ありがとう言う気があるのは充分いいことなので言うなら食卓に上がるまでに関わった全員訪問してから食べないとね。
「頂に登ります。」というヒエラルキー下位のものを自分の足元に得て
吸収し土台と成して上に立ちますという宣言で
自分の一部とすることで死や犠牲も自分の一部と扱い無駄にはしないという宣言です。
食べるために殺し奪いはするけれども、それは自分自身であり自分自身の為でもあるという自然と一体になる、また自然の一部で一体であることを意味していて
摂食される動物や植物が死んでその役割を果たす意味を唱えるとともに自分に委託された共生環境における相互利益と全体の豊穣を祈るものです。
現代風に言うと、
今日もご飯が食べられるのは日本国政府が貨幣管理し外交を行い法整備によって食料の安全と供給を一律のものに安定させその政策化でさまざまな産業が食料供給を行いその供給された食料を取得することができる努力をされた方々が自分のために調理してくださり今まさに食べる事ができます。今より関係者と食材の名前を順不同で申し上げます。Aさん、Bさん、・・・。

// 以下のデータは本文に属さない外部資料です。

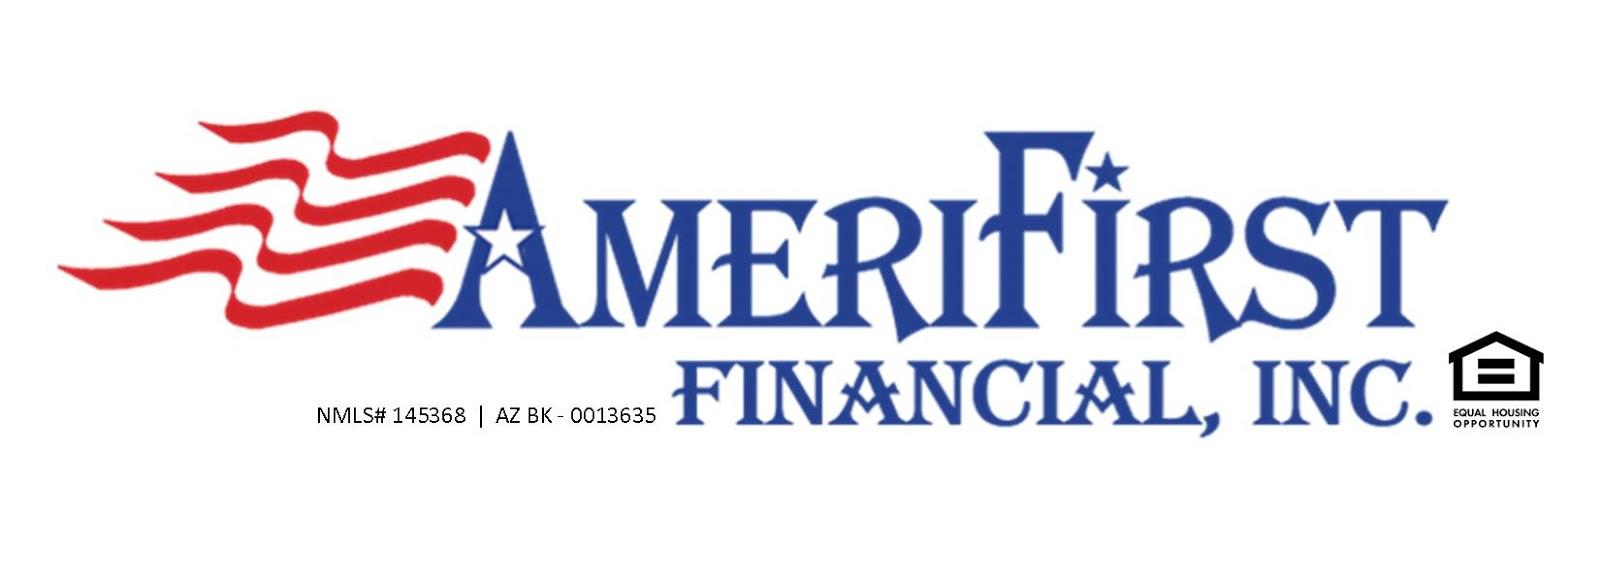 AMERIFIRST FINANCIAL INC

というのをまとめて「いただきます」と宣言して、では何の頂にあるのか、魚、野菜、それらの産地、農家、その自治体、法整備、知事、政府、自然、それらによって供給をされている一部を金銭などによって獲得したその小さな積み重ねの頂に登りますよ、という儀式なのです。

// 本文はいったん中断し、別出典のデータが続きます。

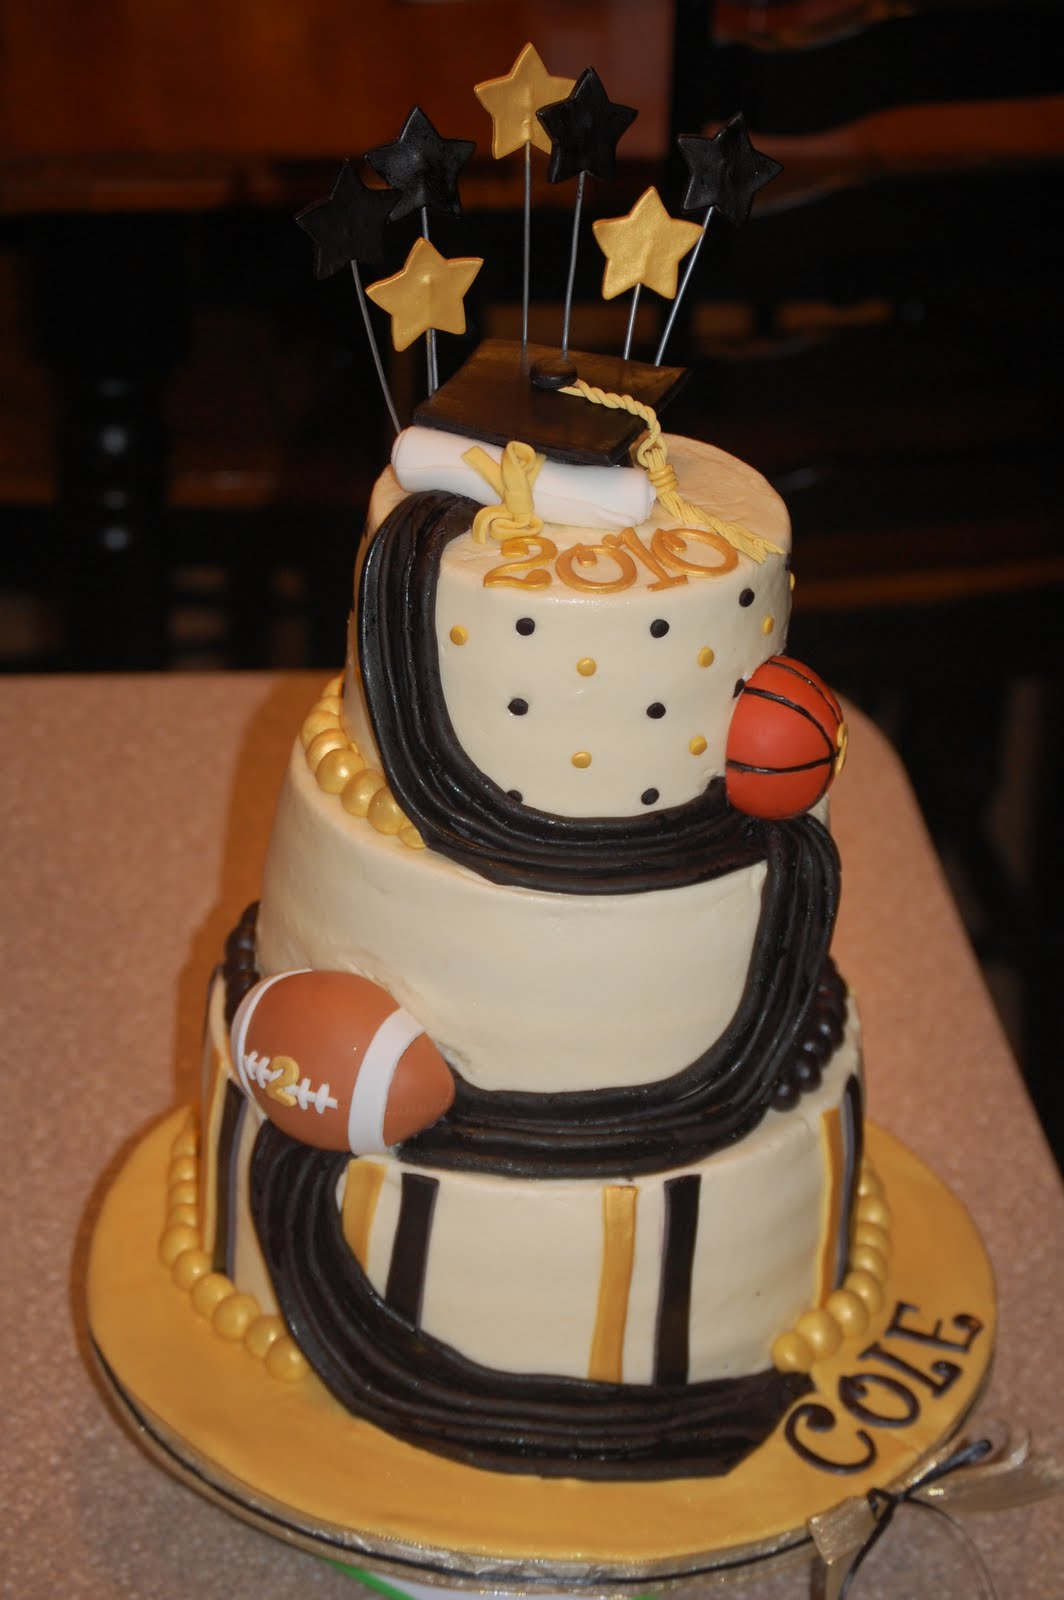 Cake Decorations At Coles : A Piece of Cake!: Cole s Graduation Cake

金銭は労働力という自分の一部を支払いその交換として得た食事であり食事は自分の労働であり労働は自分自身であるという循環する自然への信仰です。
あなたがいただきますをしたその食事は、供給の流れ全てと自分自身へのありがとうが同梱されています。
いただきますをした食事は、全部きれいに食べないと「自分の交換条件に適さない交換をすることになる」という独特の風土も持ち合わせます。
汚く食べる事が礼儀とか、一部を残して祈りとするという文化とは異なるところでもありますね。

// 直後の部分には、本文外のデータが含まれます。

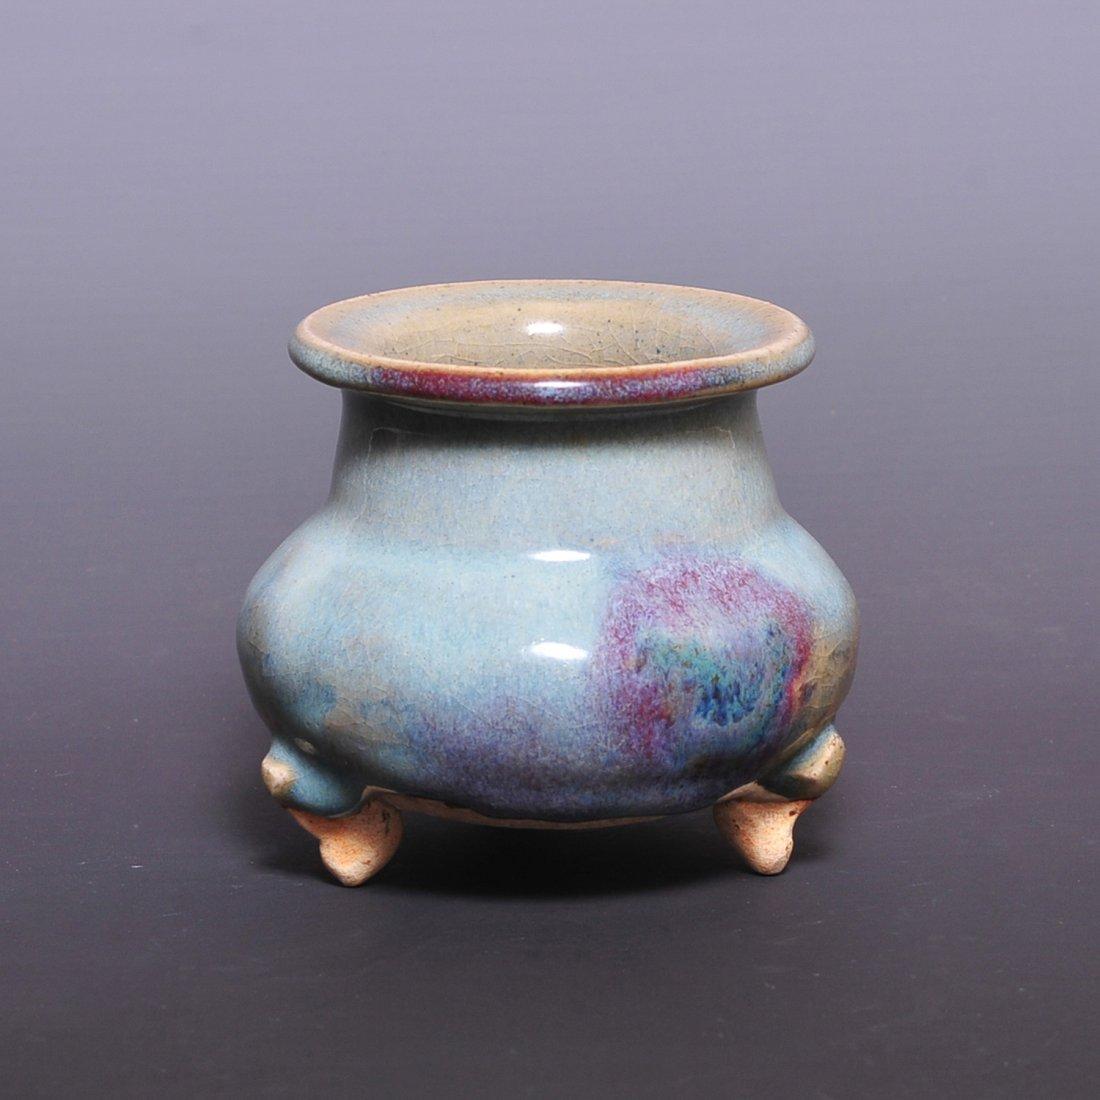 Chinese Yuan Dynasty Jun porcelain hanging red furnace

でも、テーブルの上のあなたのそのシチューに作ってくれた彼女さんの血や髪の毛が入っているのだったら、顔みながらありがとうでいいと思いますよ。
あと関係ない話を付け足してしまいますが、おあがりなさい、召し上がれ、というのはまさにその上段に上りなさいという進言を返答としたものです。
また食べ終わった後の「馳走になった」はその四方八方の命を得たということで「それらの地と繋がりました(いろんな意味でいろんなものが駆け巡りました)」食べました、得ましたということです。
いまの訳では取得関係者への労いであるようですが、それであればまず最初に掛けるべき言葉なので、招かれる段階で「馳走になる」というのも習慣による変化ではないかと思います。
仏教が起源という話もあるようですが文化吸収は柔軟に広がりを持つ教義によくある形で、外国語に「いただきます」が無いところから宗教の関連性についてはお察しください。
ただ、今ある「お粗末様」の由縁はわかりません。